Deste modo, conheço do presente recurso.
2. PRELIMINARES
2.1 DA IMPUGNAÇÃO A JUSTIÇA GRATUITA
A parte demandada, nas razões recursais, suscita a preliminar de impugnação à justiça gratuita concedida à parte autora, argumentando que ela é advogada militante nos Estados do Piauí e Maranhão, inscrita na Ordem dos Advogados do Piauí sob o nº 16.651, sendo ainda empresária e proprietária do estabelecimento comercial BRA STORE CNPJ Nº 43.208.368/0001-52.
Isto posto, convém ressaltar que, nos termos do art. 99, §3º, do CPC, “presume-se verdadeira a alegação de insuficiência deduzida exclusivamente por pessoa natural”.
Ademais, há que se levar também em consideração que, consoante a redação do art. 98, caput, do CPC, não se exige para a concessão do benefício que o requerente esteja em completa situação de miserabilidade, mas apenas que este seja “pessoa natural ou jurídica, brasileira ou estrangeira, com insuficiência de recursos para pagar as custas, as despesas processuais e os honorários advocatícios”.
No caso em epígrafe, a parte demandada não conseguiu infirmar os fundamentos que levaram o d. Juízo de origem a conceder a gratuidade judiciária à parte autora, porquanto, conforme consignado, esta, apesar de advogada regularmente cadastrada na Ordem, não possui a advocacia como principal fonte de renda, sendo, na verdade, estudante de concursos para carreira jurídica.

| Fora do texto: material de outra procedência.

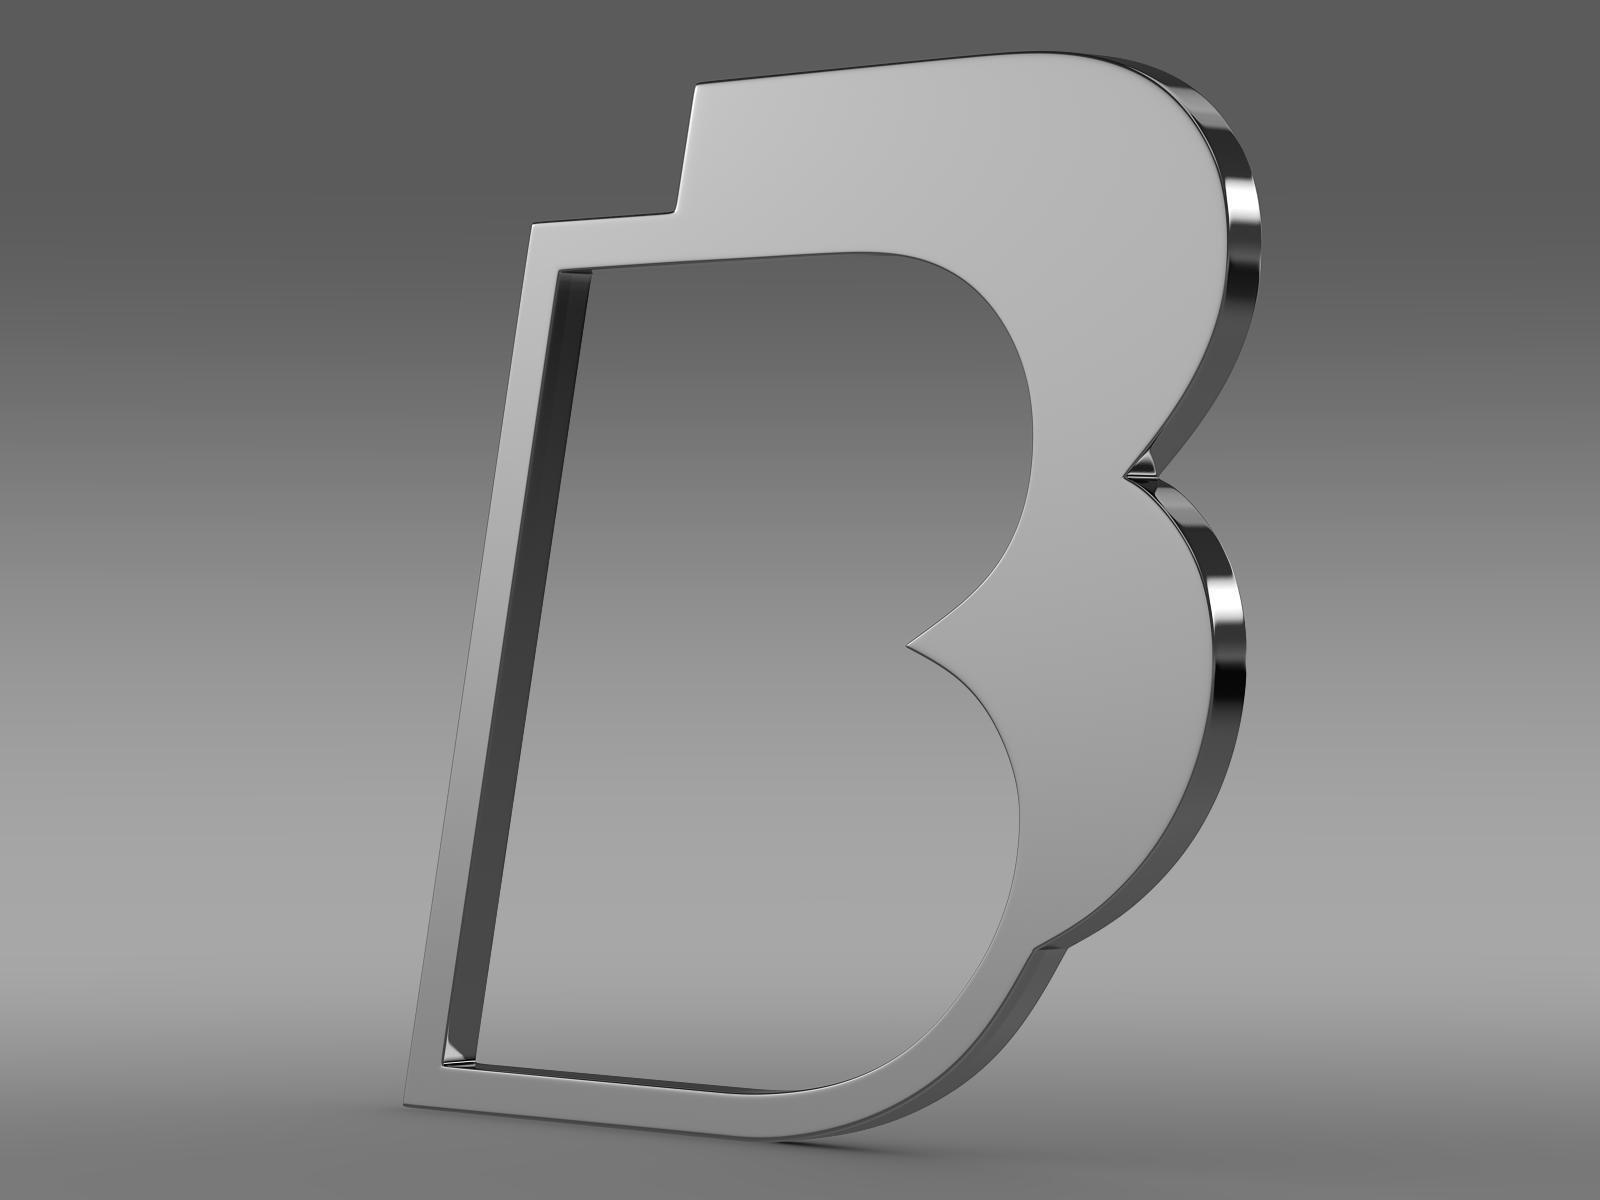 BB logo 3d model 3ds max fbx lwo lws lw ma mb  obj 208208

Assim, a recorrente não conseguiu demonstrar que a parte autora, ora apelada, aufere renda para arcar com as custas processuais da presente Ação Monitória, razão pela qual rejeito a preliminar suscitada e mantenho a gratuidade judiciária deferida.
2.2 DA ILEGITIMIDADE ATIVA
De mais a mais, a parte ré, ora apelante, suscita a preliminar de ilegitimidade da parte autora, ao argumento de que os cheques que embasam a Ação Monitória em epígrafe foram emitidos, nominalmente, a M F DA SILVA NETO E CIA LTDA, não sendo realizado qualquer espécie de endosso posterior nas cártulas, somente constando no verso do cheque uma rubrica e um carimbo sem o CNPJ da empresa.

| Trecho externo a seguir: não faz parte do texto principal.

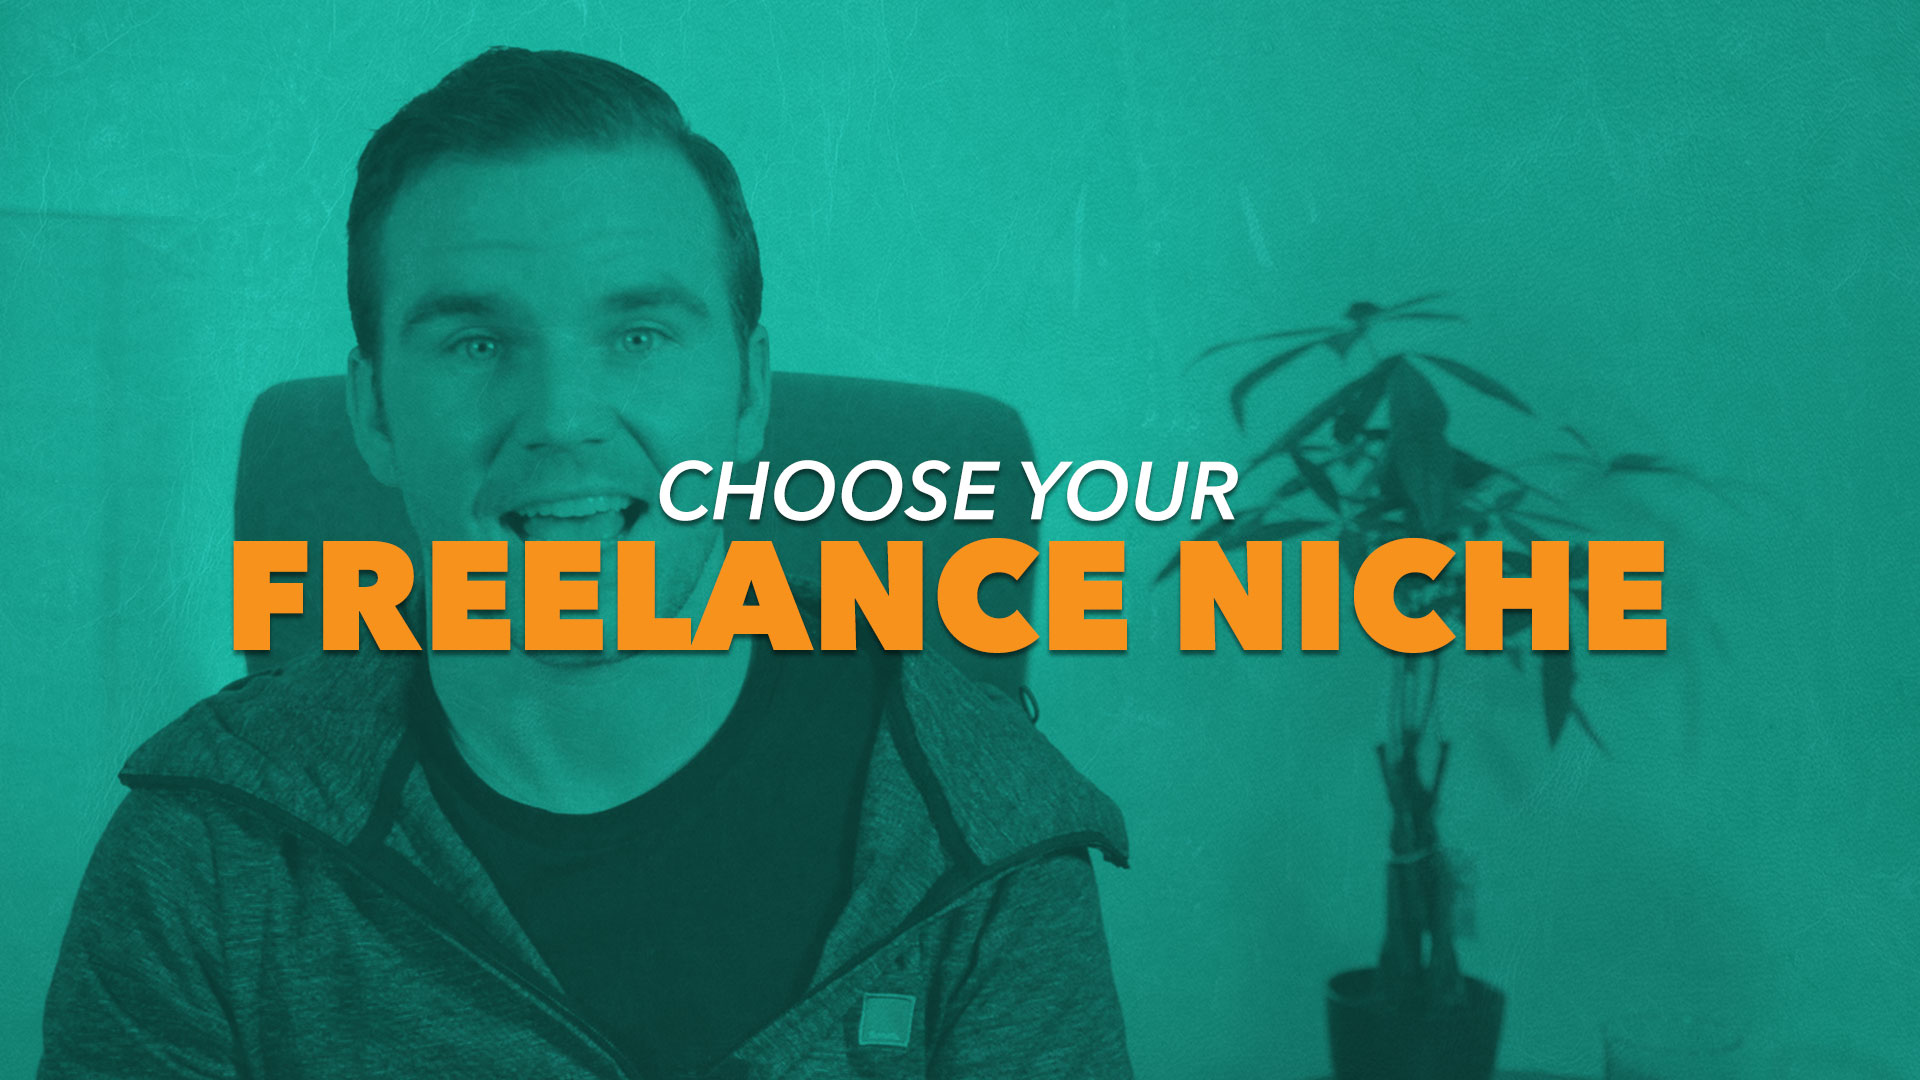 choose freelance niche

Dito isto, é importante destacar, em primeiro lugar, que a legitimidade das partes, por constituir uma das condições da ação, perfaz questão de ordem pública e pode ser alegada a qualquer tempo e grau de jurisdição, ou mesmo declara de ofício.
Nesse sentido, os recentes precedentes do Superior Tribunal de Justiça, in verbis:
PROCESSUAL CIVIL. AGRAVO INTERNO NO AGRAVO EM RECURSO ESPECIAL. SERVIDOR PÚBLICO ESTADUAL. CUMPRIMENTO DE SENTENÇA. ILEGITIMIDADE ATIVA. CONDIÇÃO DA AÇÃO. QUESTÃO DE ORDEM PÚBLICA. PRECEDENTES. REEXAME DE FATOS E PROVAS. IMPOSSIBILIDADE. SÚMULA 7/STJ.
1. Tendo o recurso sido interposto contra decisão publicada na vigência do Código de Processo Civil de 2015, devem ser exigidos os requisitos de admissibilidade na forma nele previsto, conforme Enunciado Administrativo n. 3/2016/STJ.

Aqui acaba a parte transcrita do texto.